Another pair of amateur sleuths feature in Francis Durbridge’s Paul Temple series, this time a married couple. Originally created as a radio series, in the first book, Send For Paul Temple, Paul and his wife, usually referred to by her nickname ‘Steve’, are called in by the police to help solve a series of diamond robberies. The book also features some enigmatic dying words – ‘The Green Finger’ – this time uttered by a night-watchman attacked during one of the raids.
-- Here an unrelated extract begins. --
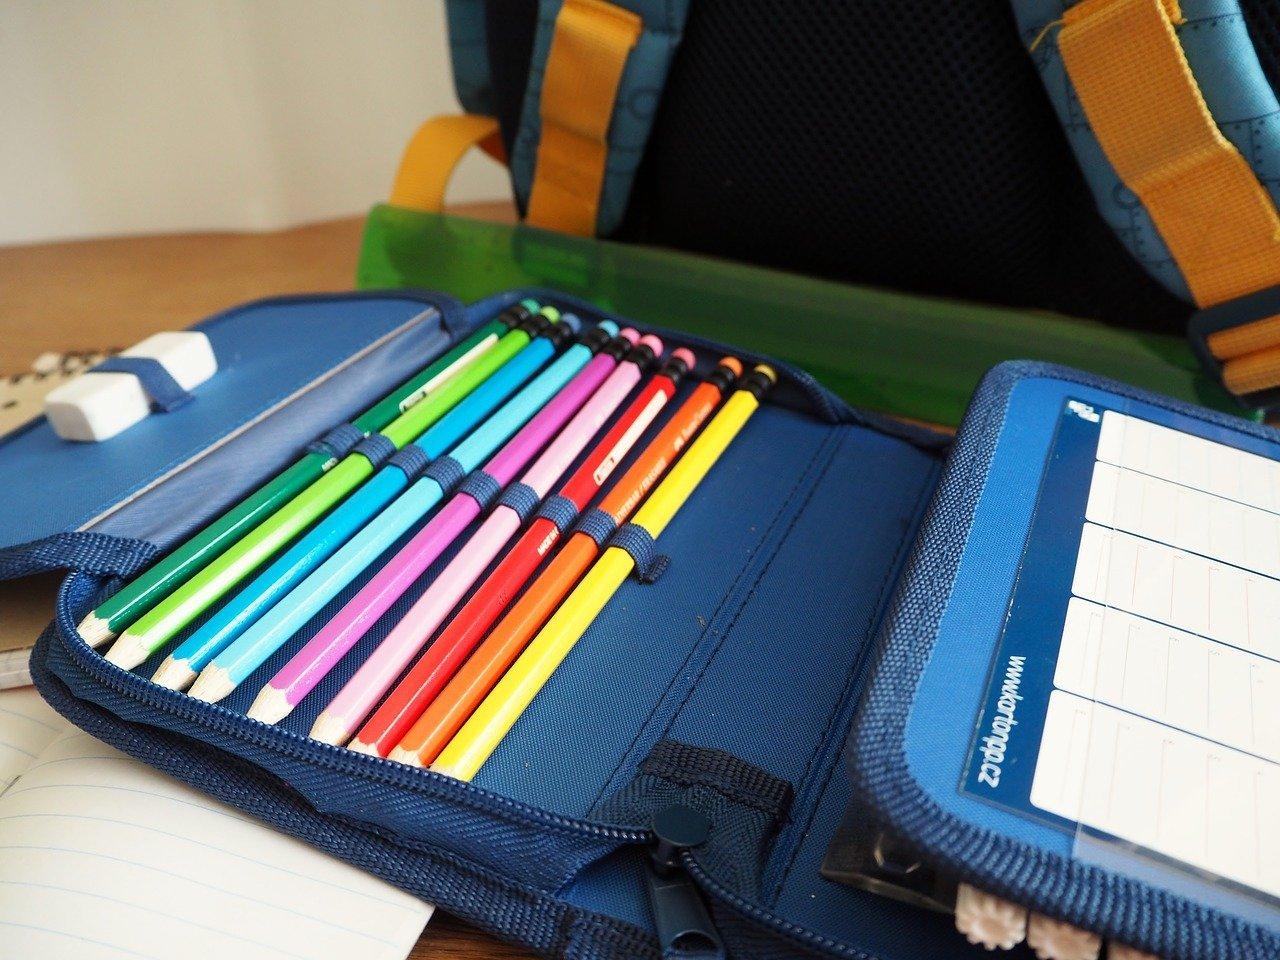 Pochette bleu marine de crayons de couleurs posée devant un cartable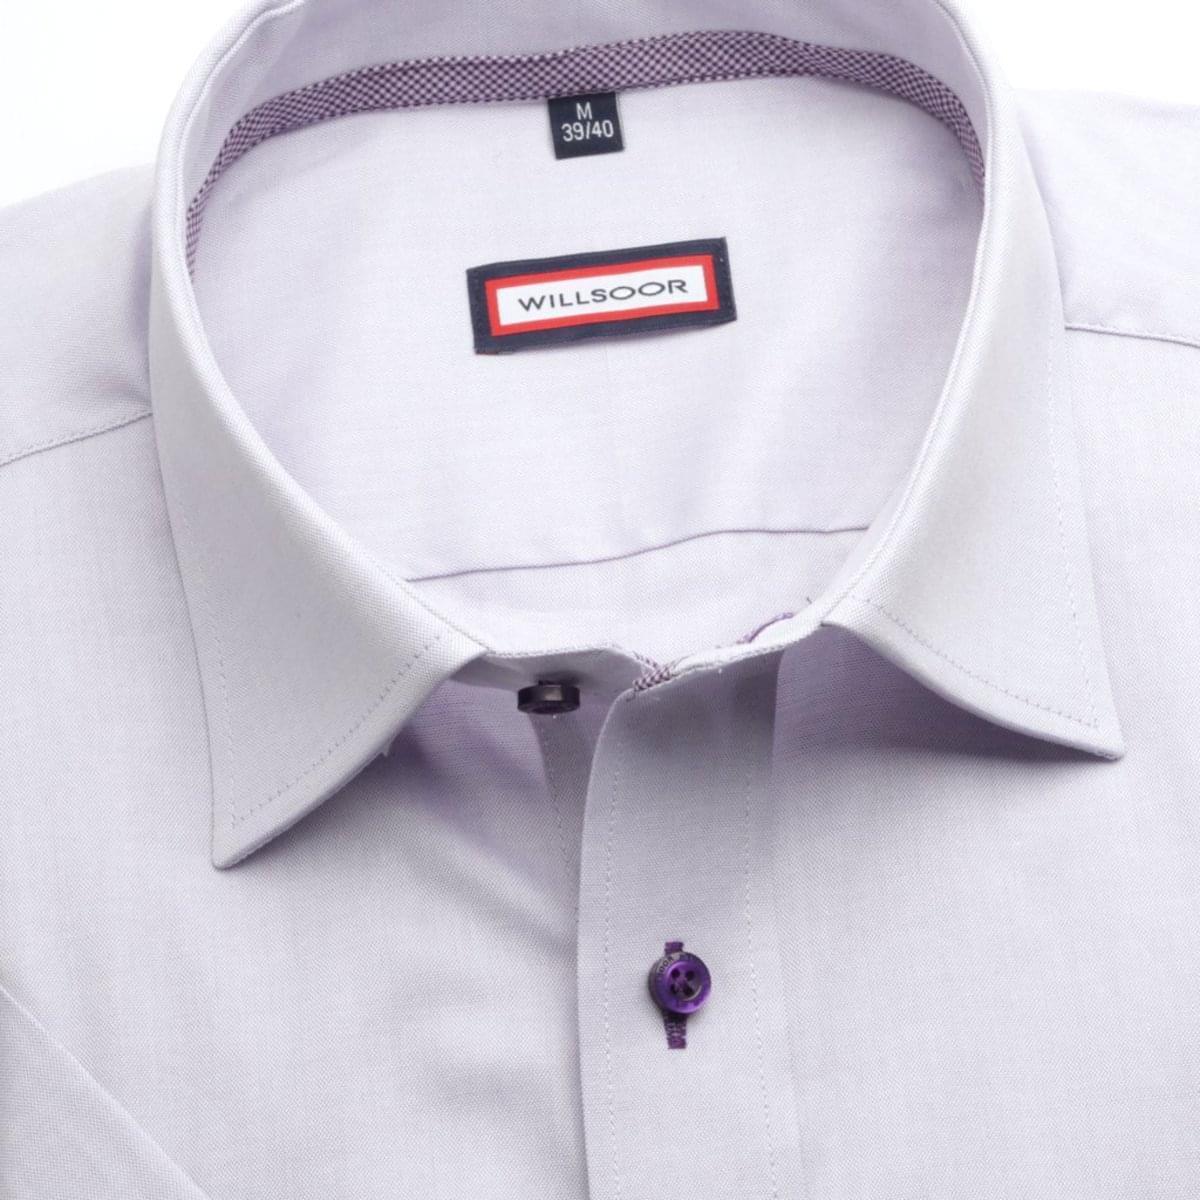 Pánska klasická košeľa (výška 176-182) 6614 s krátkym rukávom vo svetlo fialové farbe 176-182 / L (41/42)

Diamonds are at the heart of James Bond’s fourth outing in Diamonds Are Forever by Ian Fleming, in which Bond seeks to infiltrate a diamond smuggling gang. Ian Fleming liked to spend time in his holiday home in Jamaica, a house called Goldeneye. Amongst the many possible inspirations for the name of the house is reputed to be the title of Carson McCullers’ novel, Reflections in a Golden Eye.
Carson McCullers’ most well-known book is, of course, The Heart is a Lonely Hunter, the story of John Singer, a lonely deaf-mute.
A deaf man also features in Colin Dexter’s The Silent World of Nicholas Quinn, in which Inspector Morse investigates the murder of Quinn who was poisoned at a drinks party held at his workplace, the Foreign Examinations Board in Oxford. The Inspector Morse books were made into a successful Granada TV series, in which Colin Dexter famously made brief non-speaking appearances in some episodes. (He’s in the background at the drinks party in this one.)
Another person famous for their brief appearances in films was director, Alfred Hitchcock. For example, in his adaptation of Strangers on a Train by Patricia Highsmith, he’s seen struggling to get on the train carrying a cello in a case.
Next month’s starting book is The Outsiders by S. E. Hinton.